Avoiding Database Overload with Memcached
Overview
Probably the biggest challenge for a newly popular site these days is scalability. The most common point of failure in applications seems to always be the database. These days our applications are totally reliant on some sort of relational database to store the information for our website’s content. Each and every page load brings many queries that read or insert information into this database all while rendering the web page in a timely manner. This isn’t so much a problem for your Mom & Pop business, but when your website starts to get some real traffic pointed towards it, your underlying architecture that you thought was impervious to anything will crumble before your eyes. The solution? Stop making so many queries to your database.
Caching
Caching is nothing new. Servers have been caching content for many years quite successfully. There are many different ways you can cache data in your application but right now we will just be talking about using Memcached. Memcached is a high-performance, distributed memory object caching system. So what does this mean? Basically it can store any kind of value that you would normally store in your database and retrieve it much much faster than your database can.
Memcached Flow
When you implement memcached you use it along side of your database. Neither takes the place of each other, memcached just takes some of the load off of your database server after your database server has previously done the grunt work. It works on a key pair system. Meaning it has no tables, rows, columns etc. You give memcached a name and pass it data and it stores that data just as you passed to it. You can pass it an object, array, binary, etc and it will output the same way when you go to retrieve it.
So how does this all work with the database? First, you add code that checks to see if the memcached object (blogpost-45 for our example) exists before it checks the database for the data. If it does you return that data and never touch the DB. If the memcached object does not exist you retrieve data from your database, take the array that is passed back and store it in memcached with the key of “blogpost-45″. So the next time you try to get the data for blogpost-45 it will return from memcached and not your database. This is where the load savings occurs.
So what happens when I want to change the data? When you change the data in your database you should delete the key in memcached. You shouldn’t re-add the data after you delete it, let the select query do that to avoid complications.
CodeIgniter + Memcached
I have created a CodeIgniter Library that can help you get a jump start on your integration with memcached, its available on my github page and will be updated when I get time.

Hello, I’ve been using this library awhile and would like to submit a patch:
public function add_server($server)
{
extract($server);
return $this->m->addServer($host, $port, $weight);
}
is NOT compatible with 2.0.0+ versions of memcached as $persistent is added between $port and $weight, which defaults to TRUE which any value in $weight will set as well. The new line should be like this:
public function add_server($server)
{
extract($server);
return $this->m->addServer($host, $port, FALSE, $weight);
}
OR $persistent if you change the config-file as well.
This unpatched problem caused our webservers to die randomly for about two weeks, *VERY* nasty problem. =)
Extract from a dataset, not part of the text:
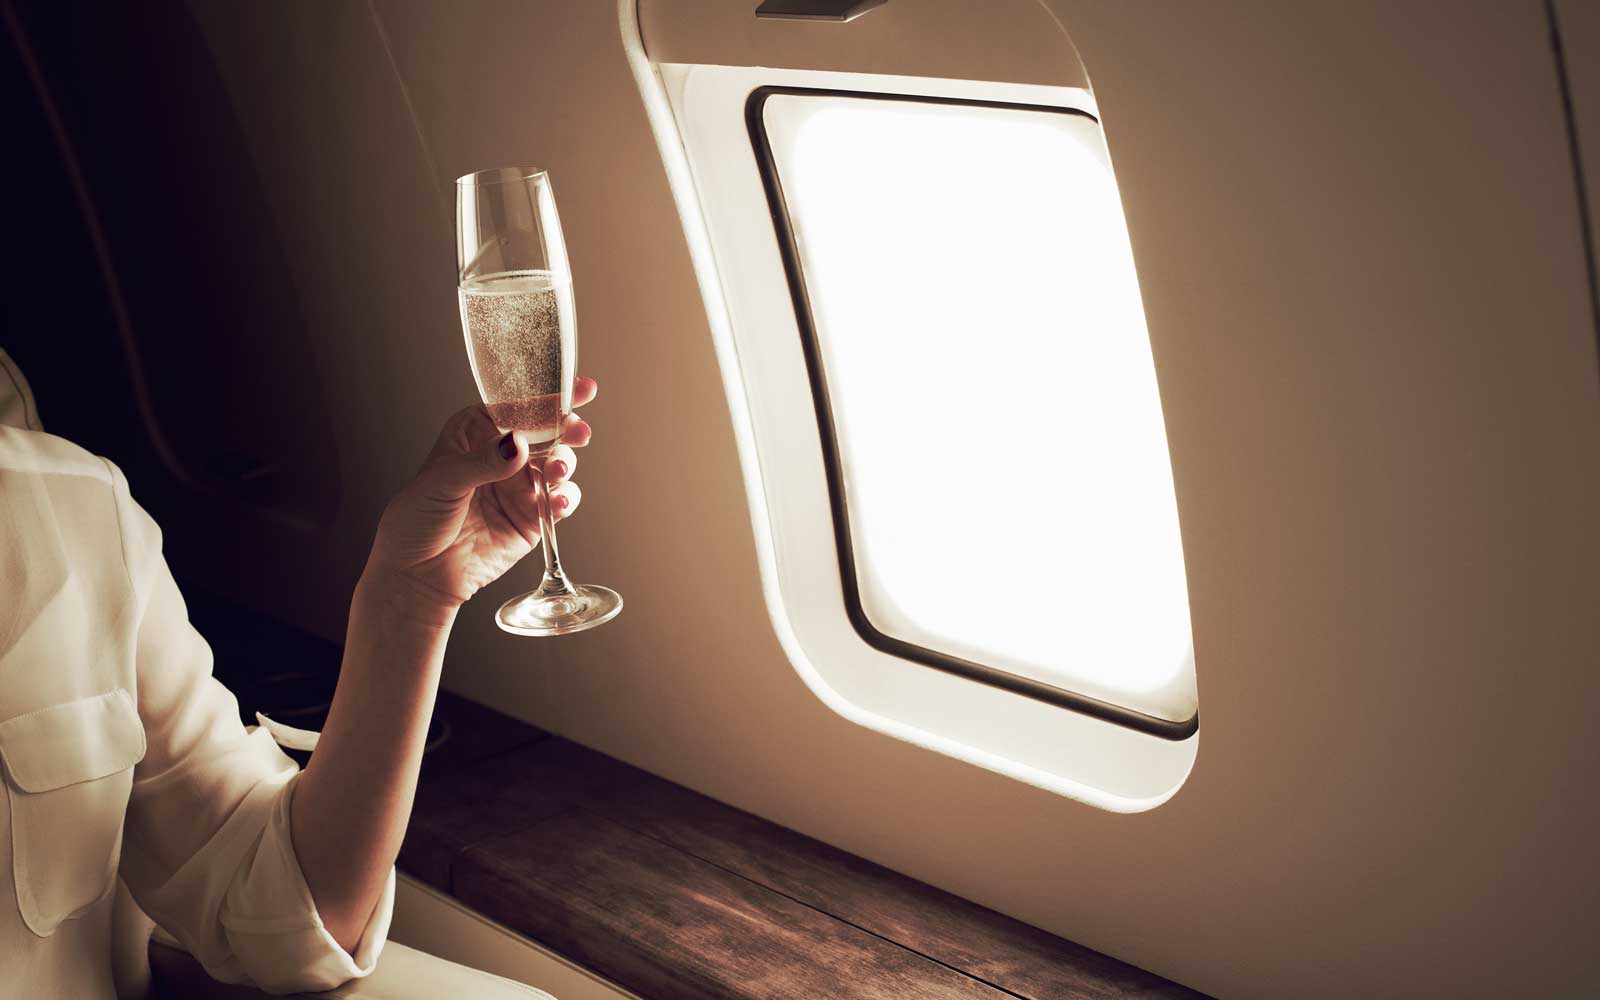 Business Class 'Slammertime' Ritual Sparks Outrage At 40,000ft

Other than that thanks for an awesome wrapper! =)
@Kalle
Thanks for the patch! ill get this into the github repo ASAP.
Hi Tom,
I’m using your memcached library for CI. So far its pretty cool and wraps all the neccessary memcached functions.
I’m using ActiveRecord for most of my CI queries. How does one store a activerecord result set in memcached?
if i do this
$query = $this->ci->db->query($sql);
$this->memcached->add($key, $query, $expiration);
and then shortly after
$query = $this->memcached->get($key);
$query never contains a resultset
what am i missing?
thanks!
@zayin – dont store the $query object. store the result_array or row_array (depending if your returning one row or many).
$query = $this->ci->db->query($sql);
$this->memcached->add($key, $query->result_array(), $expiration);
Hi Tom,
I think You have error with config in Library.
I mean expiration.
$this->config['expiration']
>
$this->config['config']['expiration']
@Viktor – Thanks! I fixed it before on my own project but forgot to update the repo. It is updated on github now.